# Action item
Below are entries with pictures in them. Output exactly the lines starting at the line with "FORO ITALICO di" and ending at the line with "Beta Carotene 25,000", both included, but not the pictures.

# Data for this exercise
--- START ---

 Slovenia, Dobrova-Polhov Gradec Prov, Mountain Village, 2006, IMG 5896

--- END ---
--- START ---

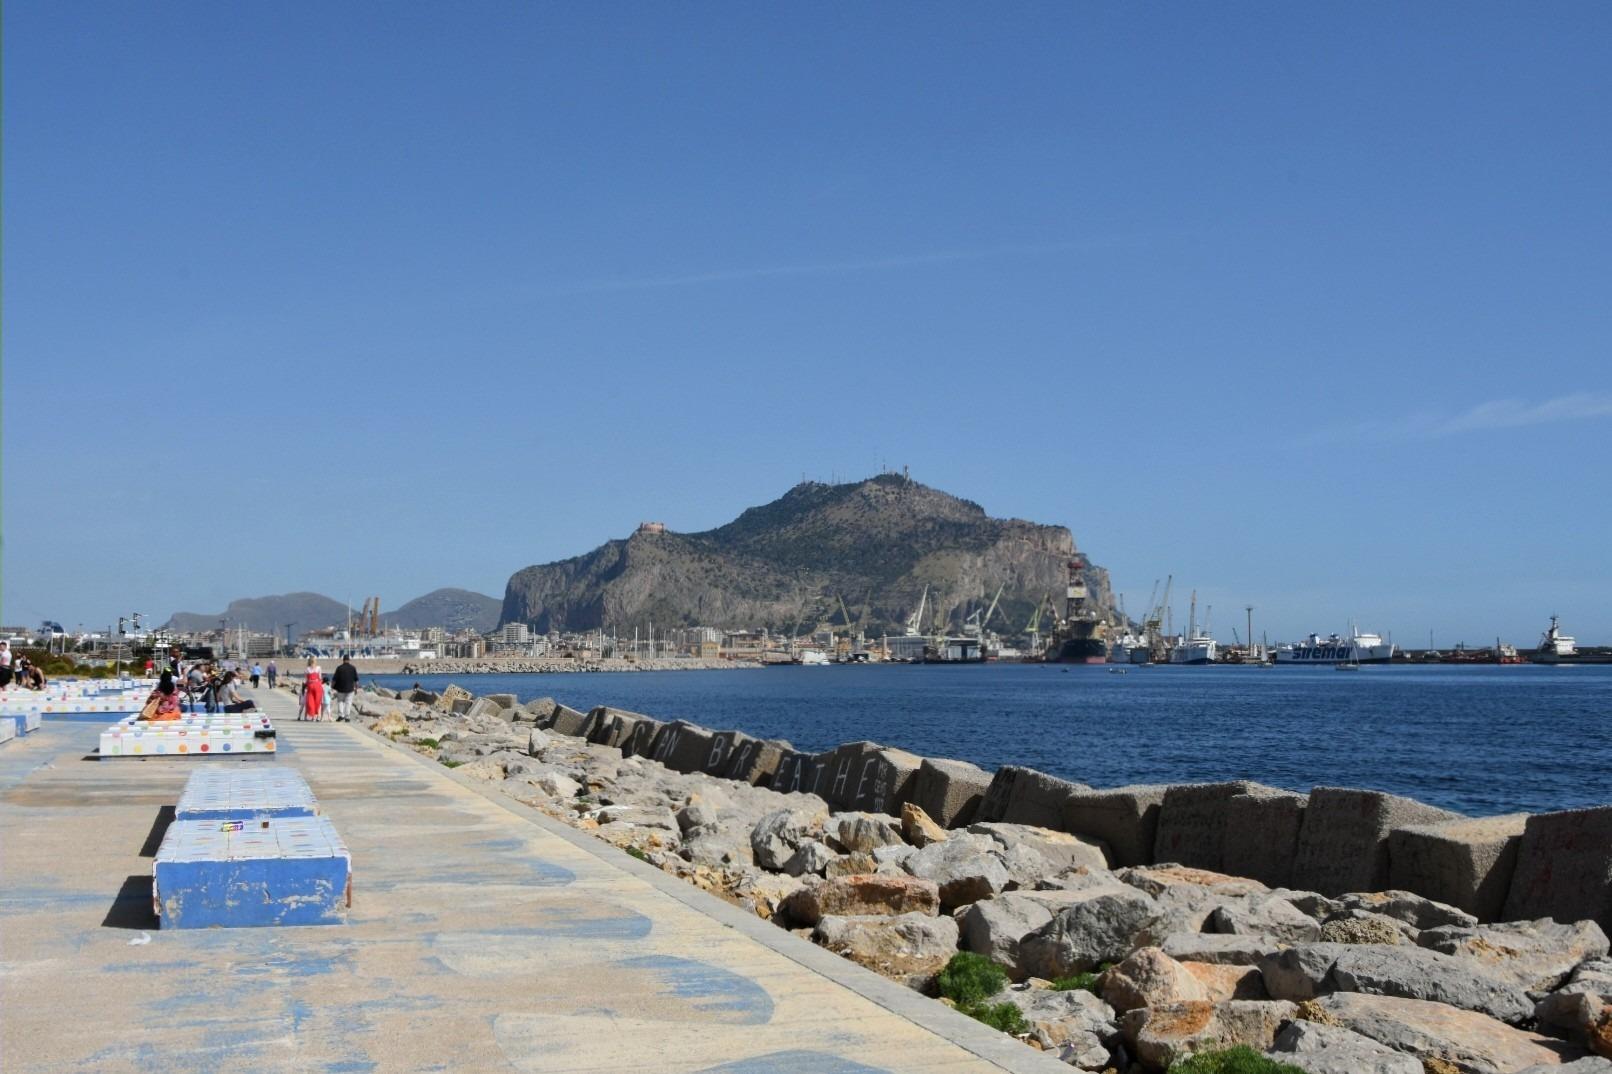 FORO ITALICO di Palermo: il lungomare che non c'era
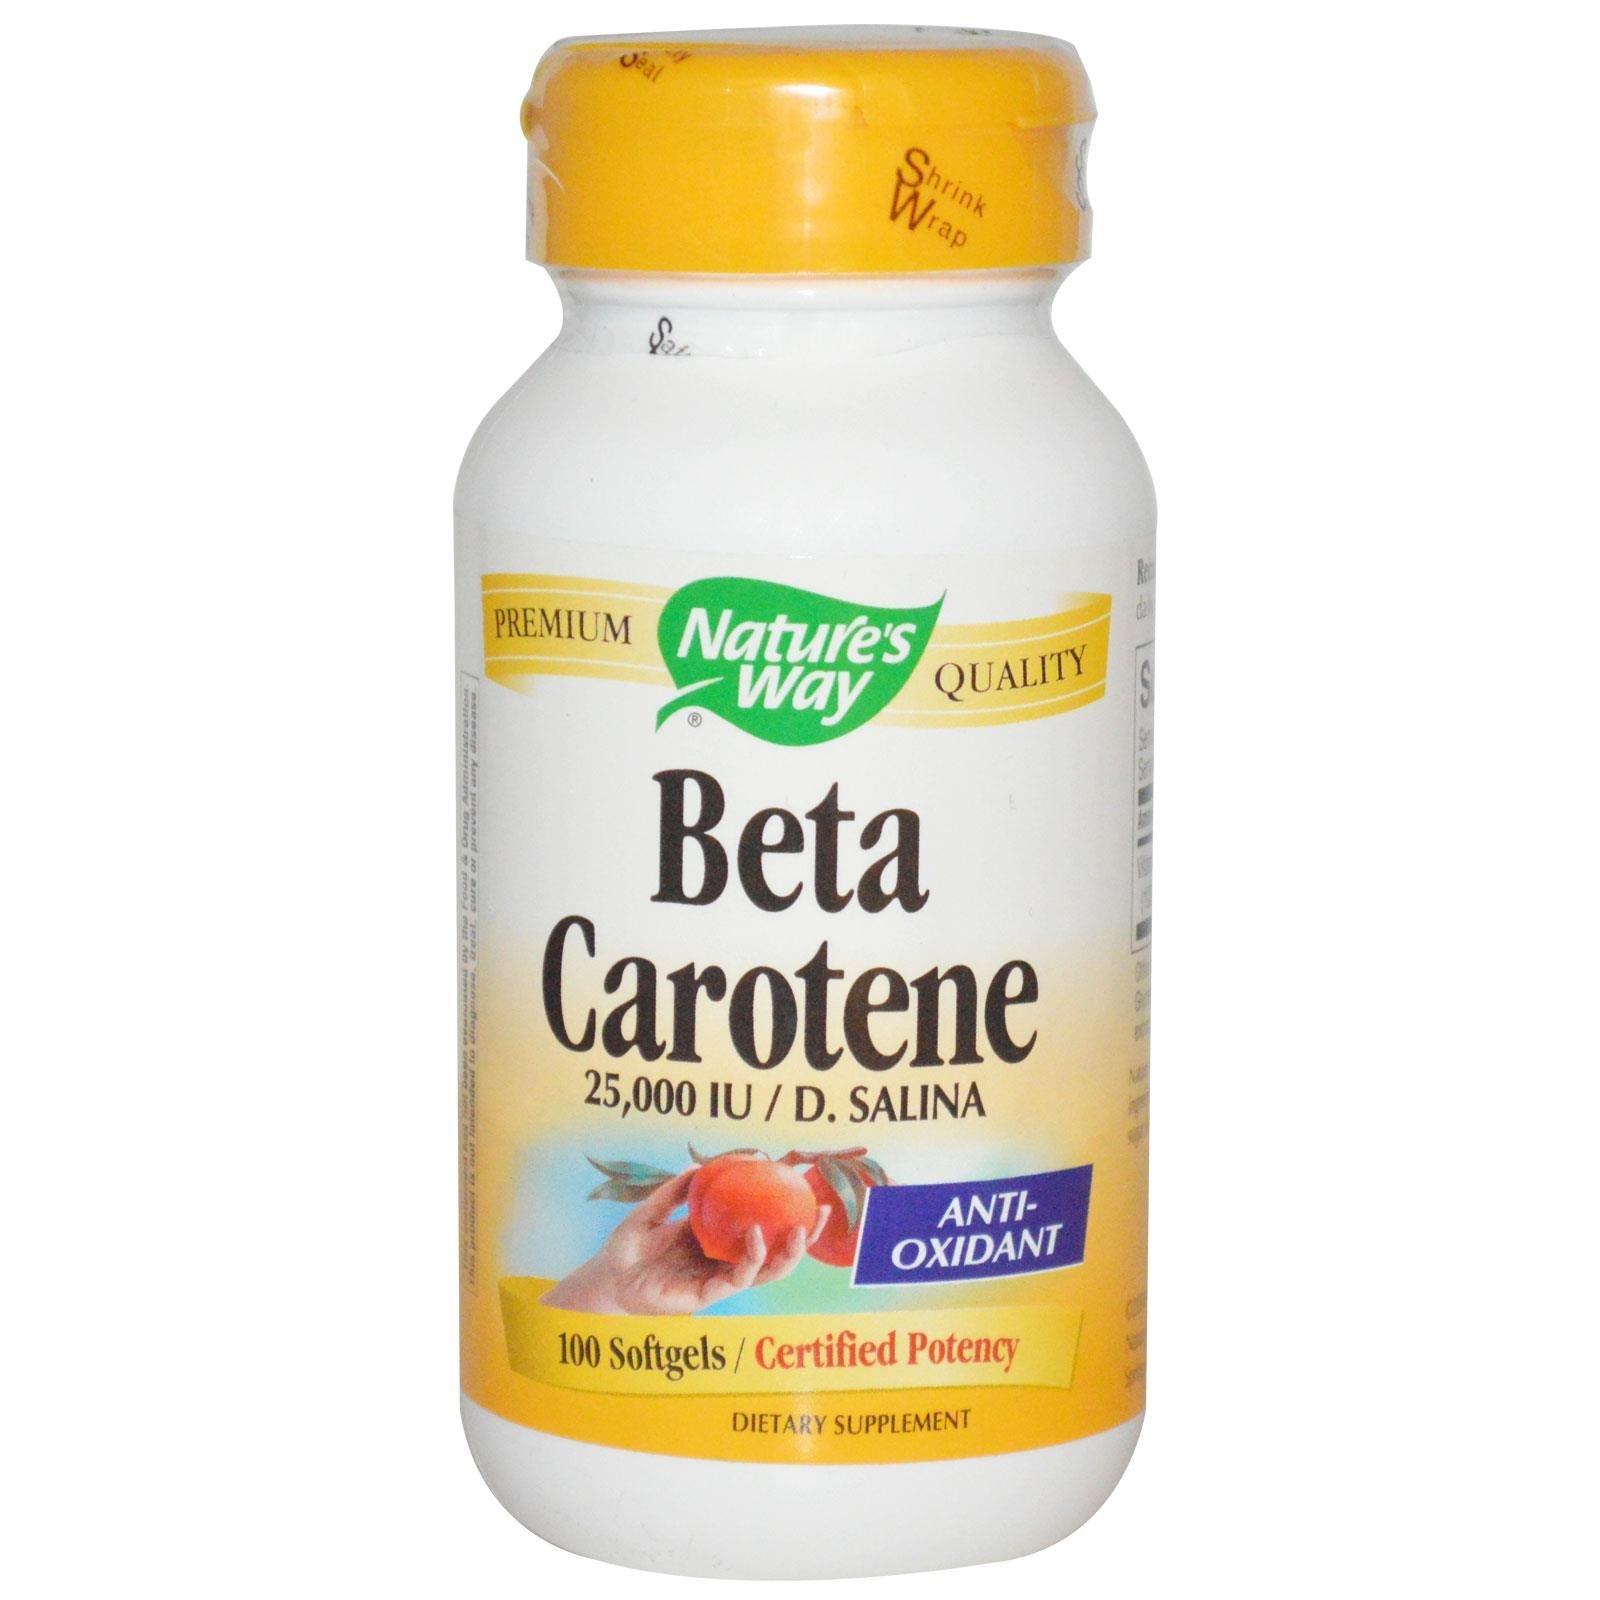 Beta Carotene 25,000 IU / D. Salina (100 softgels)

--- END ---

# Task result
 FORO ITALICO di Palermo: il lungomare che non c'era
 Beta Carotene 25,000 IU / D. Salina (100 softgels)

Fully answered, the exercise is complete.